Much of the 18th Century Enlightenment can be explained by the approach framed by one man, Sir Isaac Newton, whose emphasis on analysis and observation served as a model for future scientific generations that sought to follow in his footsteps.  But unlike many of the minds that would succeed him, Newton was a devout believer in divine authority, and saw no reason to dissever the word of the Almighty from the laws of Nature—ultimately deducing them to be one and the same.  Although Newton saw no contradictions in appealing to the supernatural as a valid explanation to matters of scientific inquiry, the empiricism of 18th Century France began to direct science further away towards the realm of strict materialist rationalism.  In the late 18th and early 19th Century, mathematician Pierre-Simon Laplace, admiringly called the Newton of France by contemporaries, was the embodiment of the latter sentiment; working relentlessly to understand and solve the minute details Newton had either overlooked or deemed divinely guided.

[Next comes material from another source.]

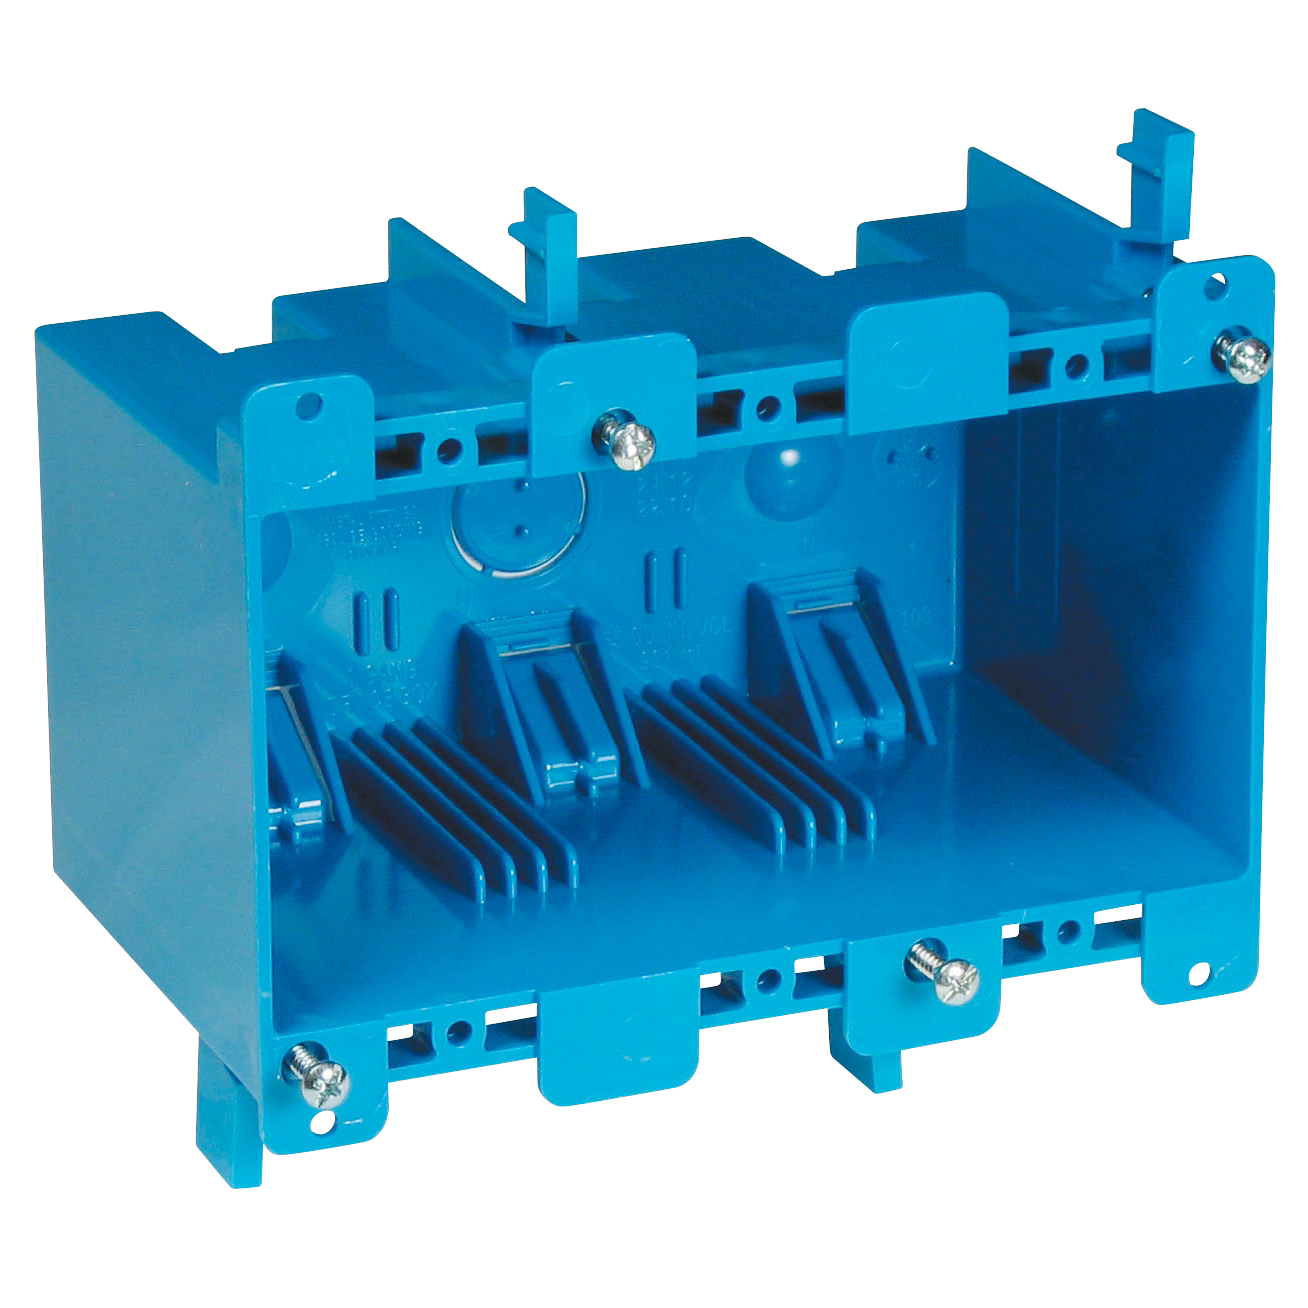 CARB355R CARLON B355R 3G SW BOX W/CLAMP;Carlon® B355R Non-Metallic Old Work Outlet Box, PVC, 55 cu-in Capacity, 3 Gangs

Laplace’s work was an ambitious attempt to account for how the solar system works; hence appealing to agents beyond the scope of man’s intellect (meaning his intellect) was not just unsatisfactory, but downright unacceptable.  This naturalistic mindset is best illustrated by the oft repeated exchange he had with Napoleon Bonaparte in 1802: the story goes how upon receiving one of Laplace’s latest manuscripts aiming to systematically account for the functions of the universe, Napoleon turned to the mathematician and asked Laplace why it is that he had written an entire book about the intricate details of the universe with no mention of God in it, to which Laplace answered bluntly, “I have no need of that hypothesis.”[2]  This exchange reveals much about Laplace’s personal weltanschauung concerning the utility of accepting metaphysical analyses.  Ironically, it also further imitates Newton’s legacy by setting a precedent; a standard of doing science that influenced the subsequent generation of European thinkers to come.  Except in the model set by Pierre Simon Laplace, theology and deities could have no role in scientific reality.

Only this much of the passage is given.